Moving from Canada to California to start my job at Chapman University was a big transition. There were exciting moments, like meeting new colleagues and getting my own office, and less-than-exciting moments, in particular spending a lot of time at the DMV getting a California driver’s license and trying to import my beloved VW Beetle. In the end the Beetle had to go back to Canada, and I faced the daunting task of finding a decent used car. Thankfully, with the expert help of a car guru friend in Toronto, I managed to find a 1998 Toyota Corolla with only 63,000 miles.

The car was in fine form mechanically, but aesthetically it was a bit challenged. The headliner (the fabric lining the interior of the roof) was in bad shape; ripped and sagging, it needed to be changed asap. What started as a bit of a joke – that I wanted to get Vincent van Gogh’s Starry Night installed in its place – got really fun when my colleague, Eric Chimenti, reminded me that I could, in fact, get anything I wanted printed large enough to be used for the task. It was a temptation too great to pass up! After much searching, I found the perfect image and measured the car. Eric got the image prepped and printed and then it was off to California Auto Upholstery to get it installed.
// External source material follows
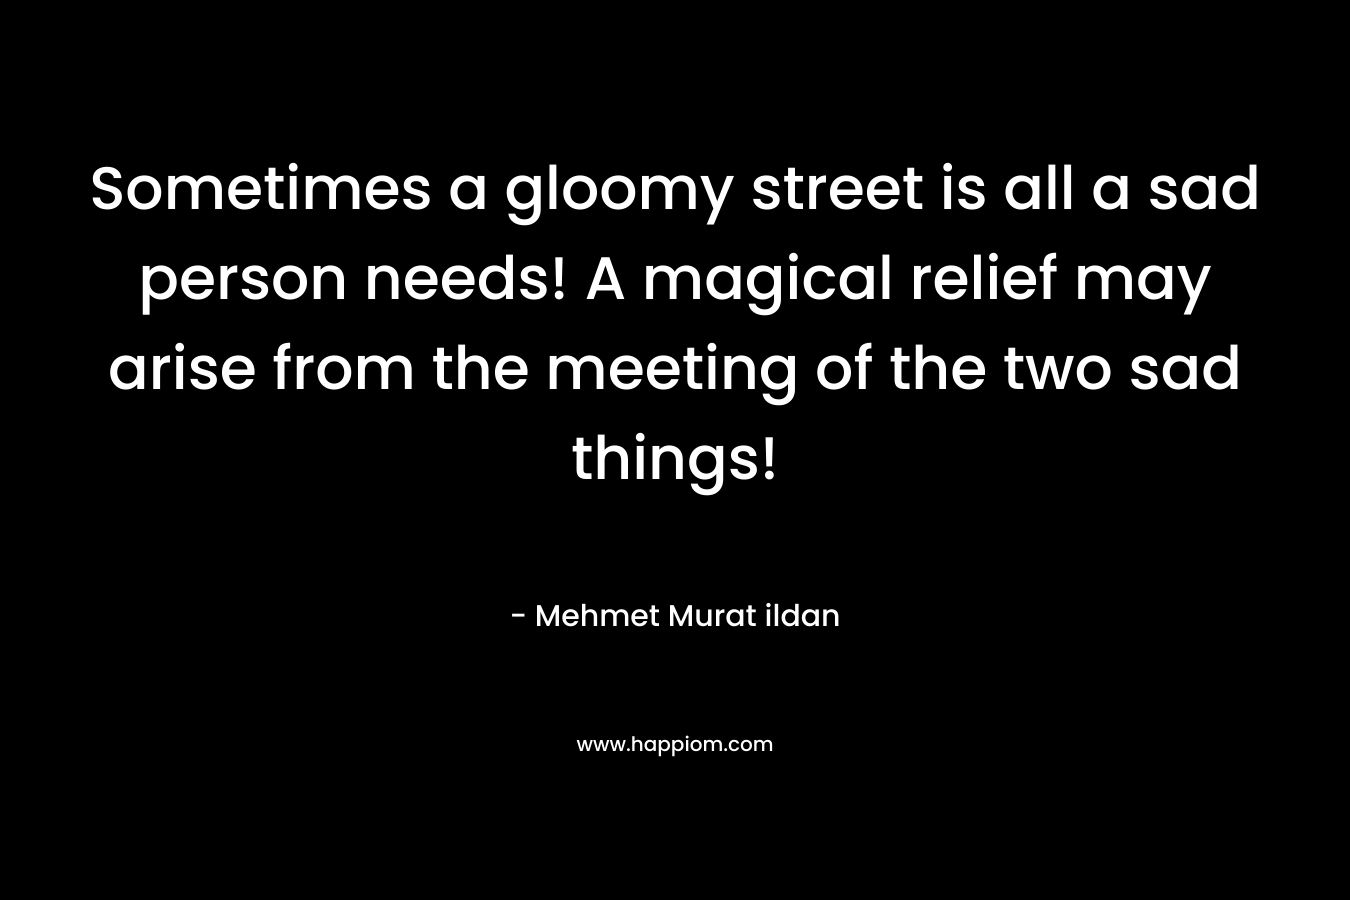 Sometimes a gloomy street is all a sad person needs! A magical relief may arise from the meeting of the two sad things!

My reliable and not super exciting ’98 Corolla now hides a masterpiece – get inside and you’ll find that the sky opens up again, thanks to Giovanni Battista Tiepolo’s Virtue and Nobility Triumphing over Ignorance (1744-1745).

An eighteenth-century Venetian artist, Tiepolo was one of the greatest decorative painters of all time. His ethereal visions dissolve solid architecture, opening up light- filled skies populated with hauntingly impassive beauties. He depicted sacred stories, histories, legends, and allegorical celebrations of Venetian noble families all with the same elegant ease. His fame took him to Madrid to immortalize the Spanish monarchy in the Royal Palace (1762-66) and to Würzberg, Germany, where a vision of Apollo and a cast of characters from around the world float and lounge at the top of a monumental staircase in an outlandishly oversized commemoration of a minor German prince. He specialized in images composed in a way known as di sotto in sù – ‘from below, looking up’ – where all of the elements of a scene are arranged to mimic the obstructions and distortions that happen to objects (bodies, architecture) in space seen from far below.

The scene I chose for my Corolla is typical Tiepolo. The painting was done for the ceiling of the family palace of wealthy Venetian nobles. All the figures are depicted di sotto in sù, and the putti – the winged babies – tumble and spin in the clouds. The colours are light and yet rich, the orange of Virtue’s gown shimmering like an extension of the sun on her breast. Virtue and Nobility – standing in for the Barbarigo family’s good qualities and heritage – are coolly regal and assuredly self-controlled, while Ignorance, her robes the brown, green, and blue of an iridescent beetle, hides her face in despair at her defeat. She and her companion bat are now forever banished to the back seat of the car.